Tuesday, March 29, 2016

Pigeon Loft Transformation

By: Patrick Szczecina
            This week will be another case study, however it will be taking a different aspect. Instead of transformation on the exterior of the structure, the transformations occur on the interior. The thesis that I have chosen is that of transformative architecture, which utilizes building movement (walls, rooms) to create new spaces.
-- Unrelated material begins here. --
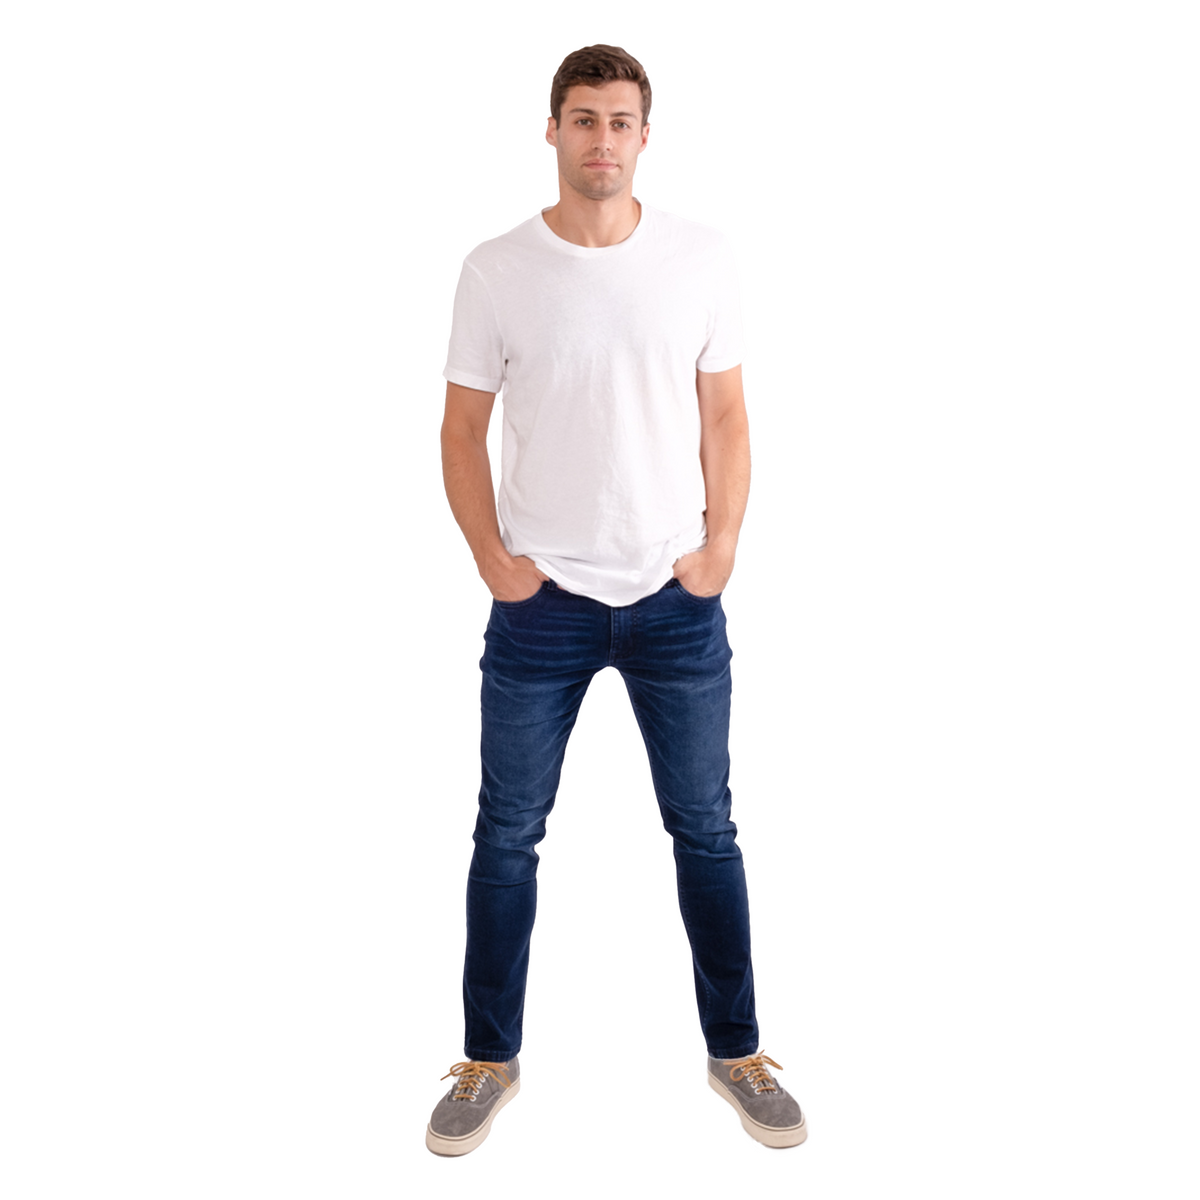 The Perfect Jean  Unbelievably Comfortable Stretch Denim by TPJ

            The owner of this unit is Christian Schallert, the architect is Barbara Appolloni with the help of Christian. The idea was to mimic the compartments inside a boat in order to save space. The unit is only 258 square feet, and went it is not in use it is an empty space. All of the furniture is hidden either in the walls or floor. This apartment has the bare necessities that a human needs to live; kitchen space, bed space, bathroom (shower), and dining / living space. All these spaces aren’t visible when one enters the unit, besides the shower which is in the open. Starting off the bed is located underneath the balcony when not in use are steps with some cushions, in which the homeowner rolls his bed out from. The stairs that led to the balcony now become bed side tables. The following is the kitchen which is located inside the wall, with one click spring-loaded door swings open. In the kitchen is double-burner, dishwasher, sink, countertop and microwave oven. Once the meal is prepped a dining room or a place to sit is needed, which comes from the opposite wall where a table (concrete) is folded out. A chair that is sitting around the room is used as well as the stairs to the balcony. The final piece, the bathroom, is located in the far corner behind a door, which when opened reveals a toilet and sink and the required space around.
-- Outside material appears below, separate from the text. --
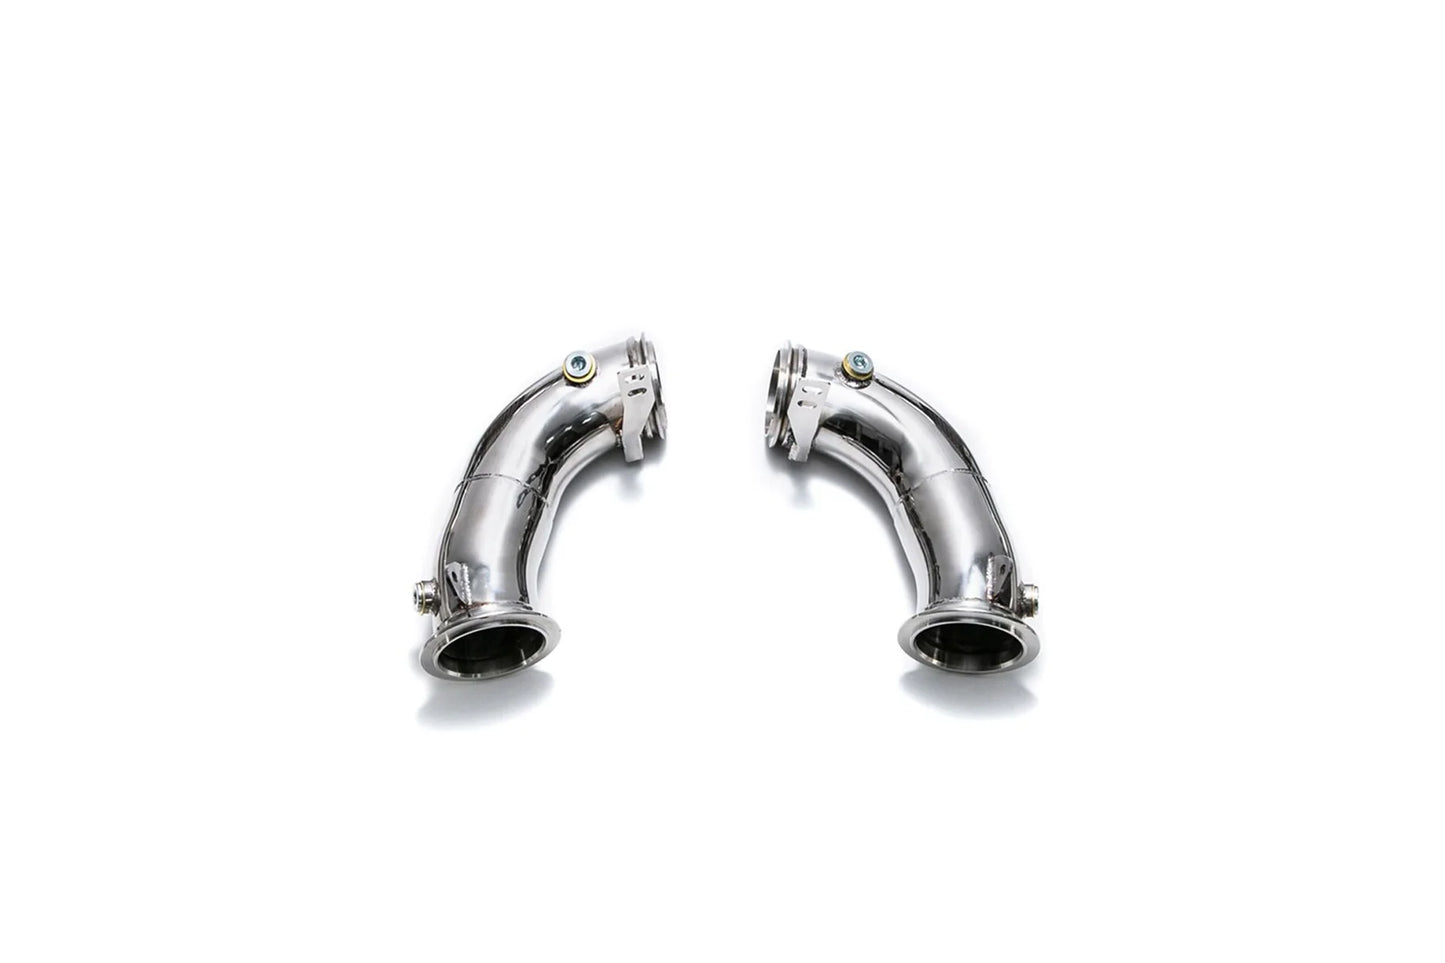 Armytrix BMW M5 F90/ M8 F91/F92 I STAINLESS STEEL DECATTED DOWNPIPE

 The purpose of this case study is to show that apartments don’t NEED all that space, it is preferred to have it in the means that people want it. It shows that one space can be utilized to create different activities in the space, in this instant it was sleeping, cooking and eating. The thesis will tend to follow these ideas of hidden spaces with open areas that can transform, however it will be at a slightly larger scale (room size).